About this task => Omit the images, then repeat the listing exactly.

**** Data section

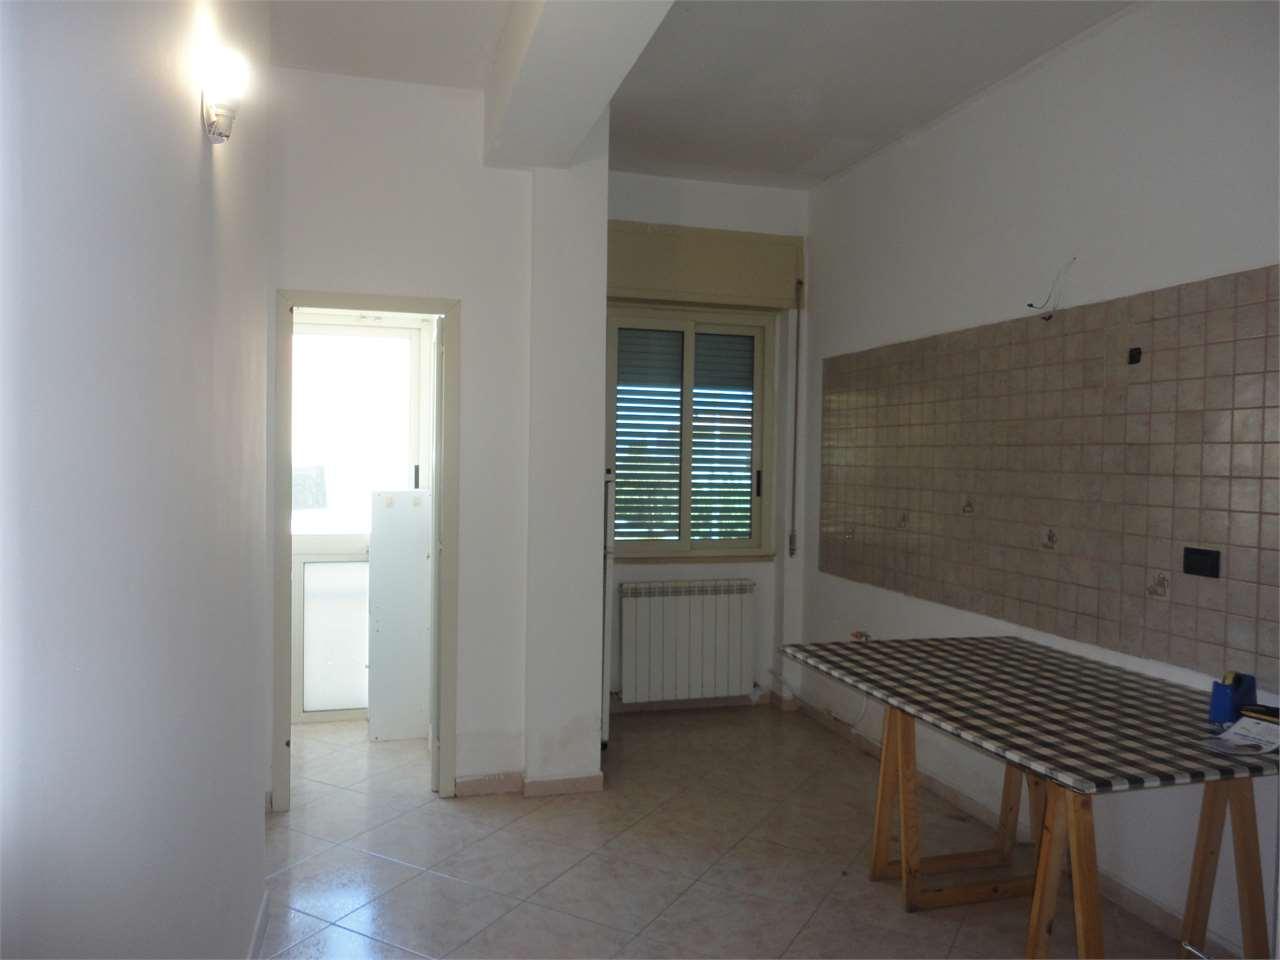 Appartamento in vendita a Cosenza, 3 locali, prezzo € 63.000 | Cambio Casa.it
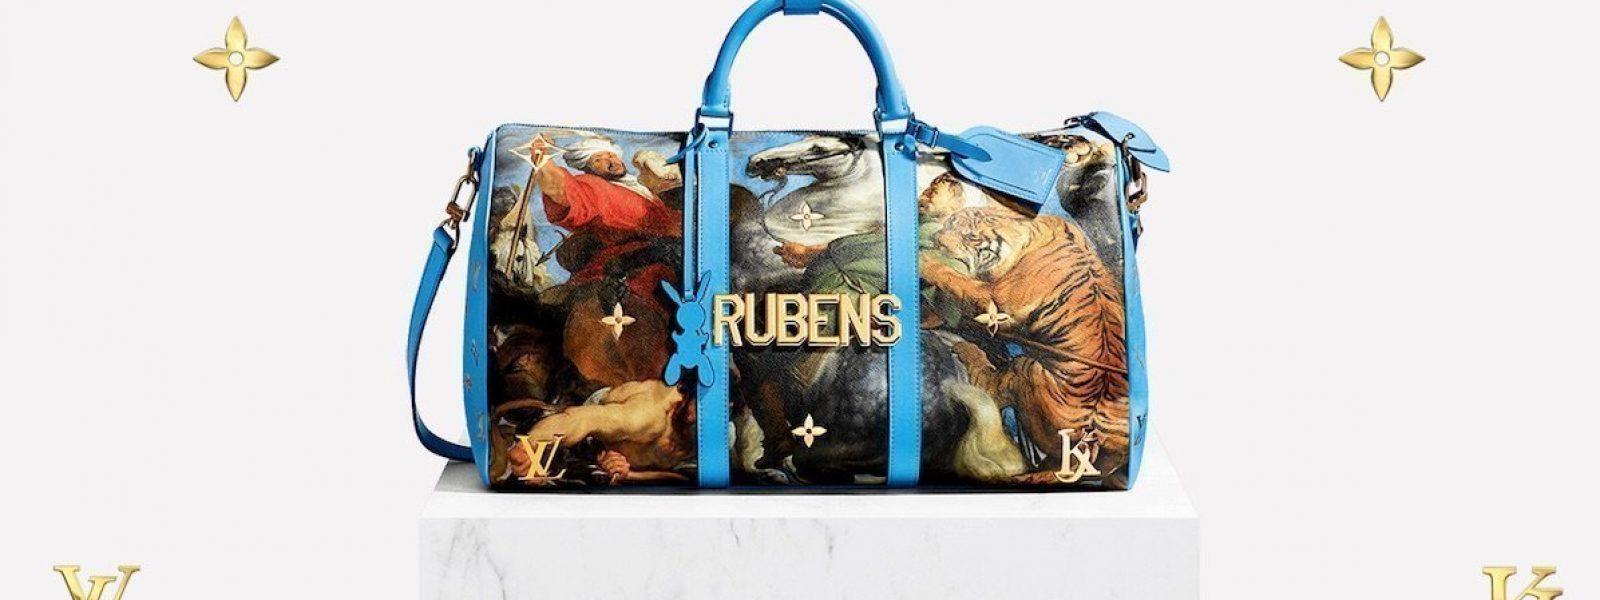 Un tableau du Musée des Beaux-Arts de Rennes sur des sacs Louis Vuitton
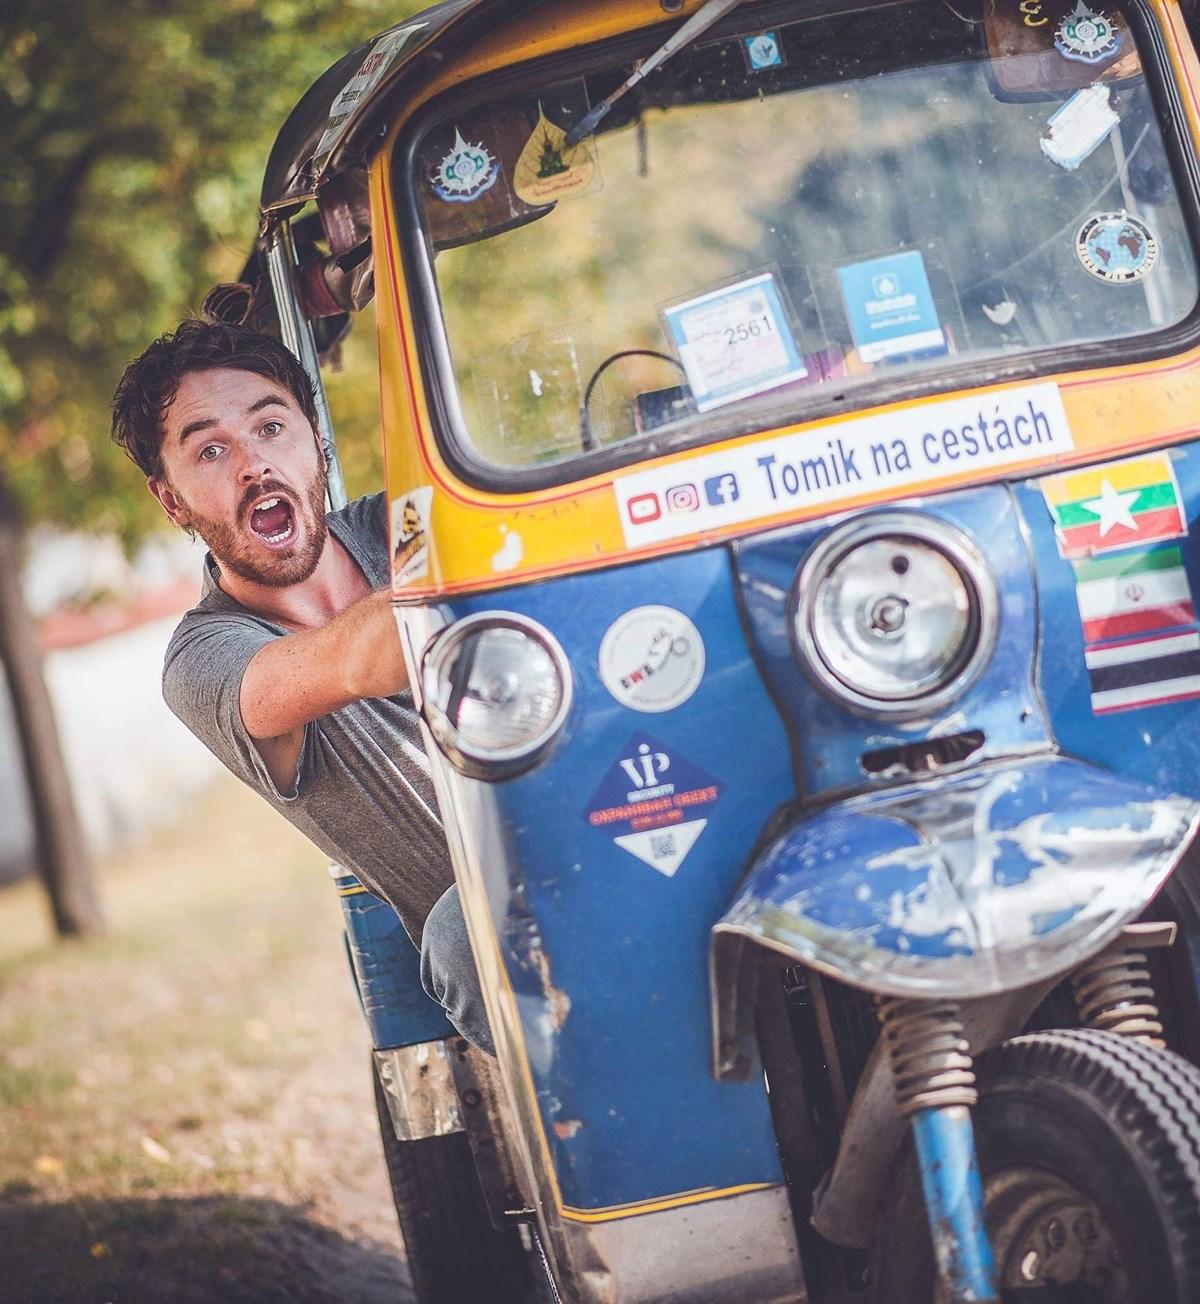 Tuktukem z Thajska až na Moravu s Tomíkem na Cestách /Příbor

********

Result of this task =>
 Appartamento in vendita a Cosenza, 3 locali, prezzo € 63.000 | Cambio Casa.it
 Un tableau du Musée des Beaux-Arts de Rennes sur des sacs Louis Vuitton
 Tuktukem z Thajska až na Moravu s Tomíkem na Cestách /Příbor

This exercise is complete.